# Fear sets in...



## Yoshi (Oct 18, 2006)

So... I have everything i need to make my first batch of mead... "and why have you not started yet?" you ask... well. that is where it gets complicated. actually, its not very complicated. I am scared that my first batch is gonna be ruined my unsanitery equipment. ive run through the process several times and found alot of moments in which the batch can be contaminated. i know i am just over reacting... but... i jus dont know. any advise on what can help me get over this lil.... OCD moment?


----------



## Ben Brewcat (Oct 27, 2004)

One to two glasses of mead







. Seriously though, sanitation _is_ important, but it's also easily addressed and easily over-worried about. What are you using to sanitize? Two ounces of unscented household bleach in five gallons is perfectly adequate. Have you read the Introduction to Meadmaking? It has info on sanitizing. For the anal (I'm in this camp) remember the rule: you can't sanitize dirt. If the vessel or equipment is 1) physically clean (no residues), it'll be easy to 2) effectively sanitize. If you're really fired up, wipe your counter down with a bleach rag. It'll help your peace of mind more than your mead, but this is all about being able to enjoy the process. With all my medical and biology background, I still put my totem of Bryggeman (Norwegian spirit who, properly invited, visited ancient beers to "awaken" them with fermentation way before yeast were understood) on the counter to guard against the forces of evil. He's fiercely protecting my starter right now for today's dry stout brew.

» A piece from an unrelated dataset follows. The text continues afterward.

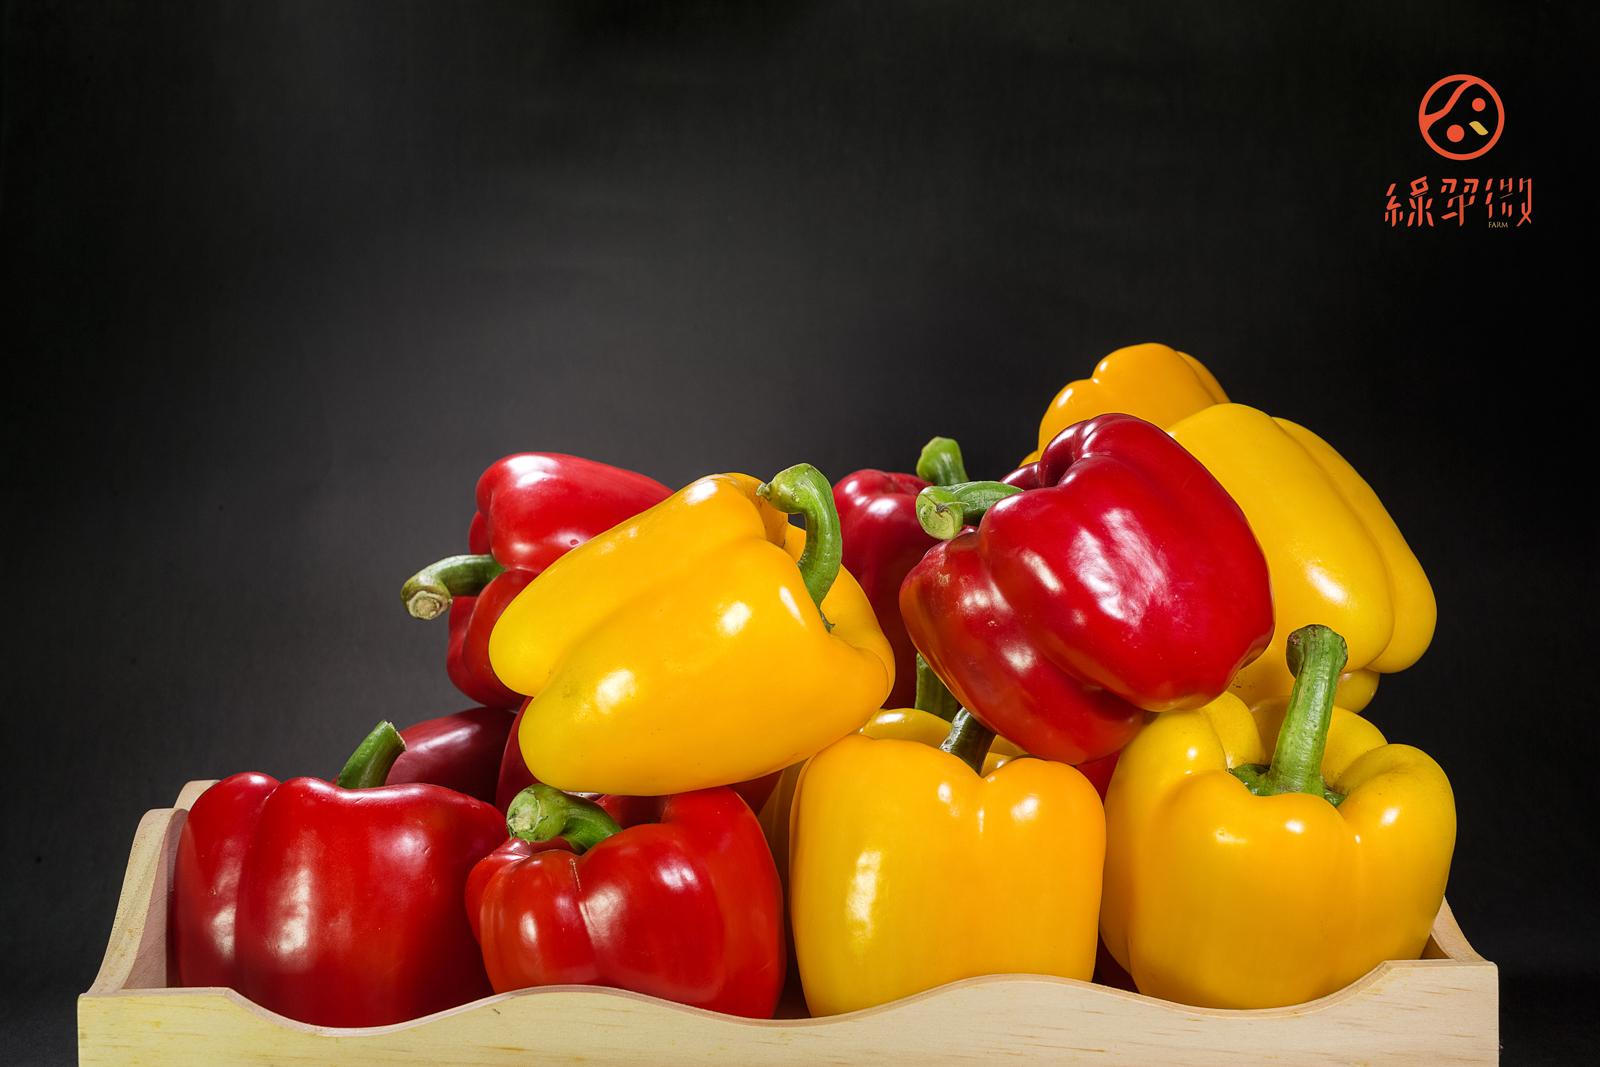 紅黃甜椒 (2)

When I was beginning, this served me well: every time something was going to touch my beverage, I'd think "did I sanitize this, and have my cats sneezed on it since then?". Really if you do a quick check you'll be fine. Pouring into the fermenter: Are the fermenter and the funnel sanitized and rinsed? Putting on the airlock: stopper, airlock sanitized and rinsed? Stirring: spoon?

Really, with basic attention to it and a good quality yeast (which, once it gets going, will outcompete minor infractions. This isn't Ebola afer all  ) will get you 99% of where you're going sanitation-wise.

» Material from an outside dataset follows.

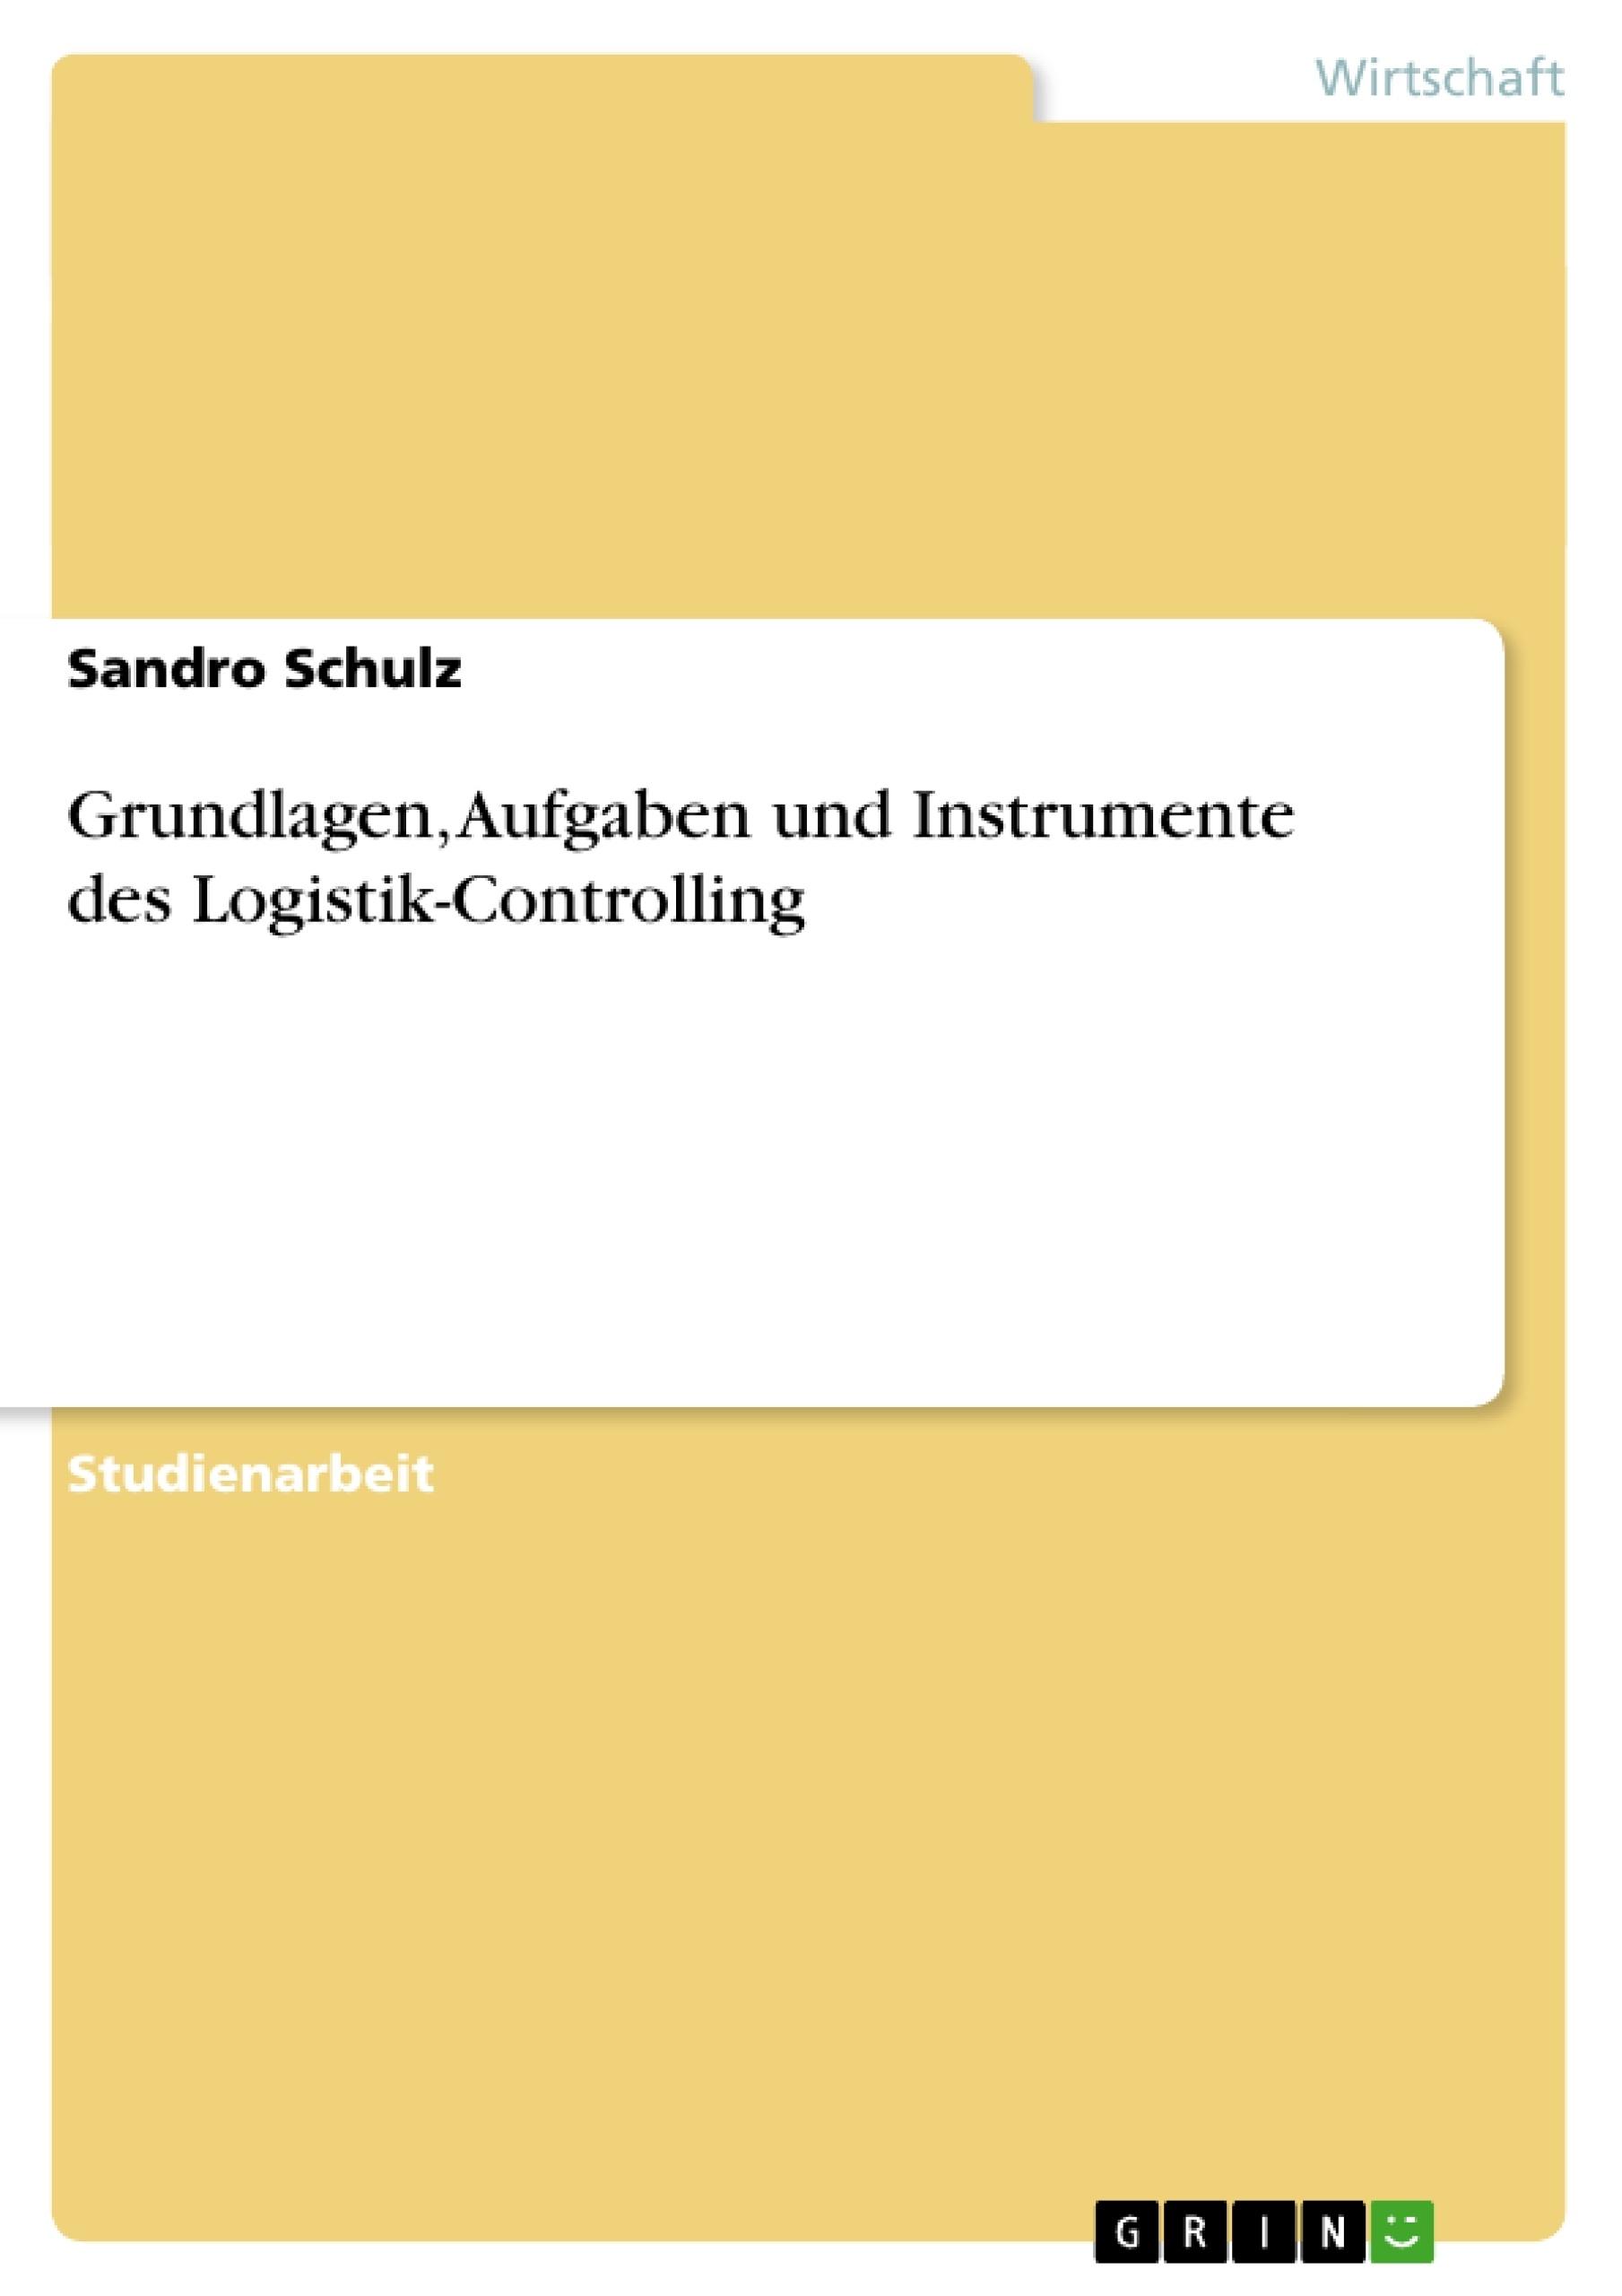 Titel: Grundlagen, Aufgaben und Instrumente des Logistik-Controlling

Charlie said it best: "Relax, don't worry, have a homebrew". Storebought can be substituted for that very first batch, though it may take a couple extra to obtain full worry-relief







.


----------



## Ben Brewcat (Oct 27, 2004)

Just so folks can appreciate the power of Bryggeman (or the dork quotient of his subject, as my wife would say), I took a pic:
http://i9.photobucket.com/albums/a60/Brewcat/Picture005.jpg 

He was a present from my wife years ago from her trip to Hawaii, and has served me well  .

That's my starter vessel with aeration underway. For 10 gallons of beer, I use two quarts of canned, sterilized wort aerated overnight and until pitching time. That's a spray bottle of Star San, my sanitizer of choice, for keeping the fear at bay (it's not more effective than other products, but it doesn't require rinsing, won't ruin clothes, degrades readily in the environment and is safe enough to drink. Great stuff).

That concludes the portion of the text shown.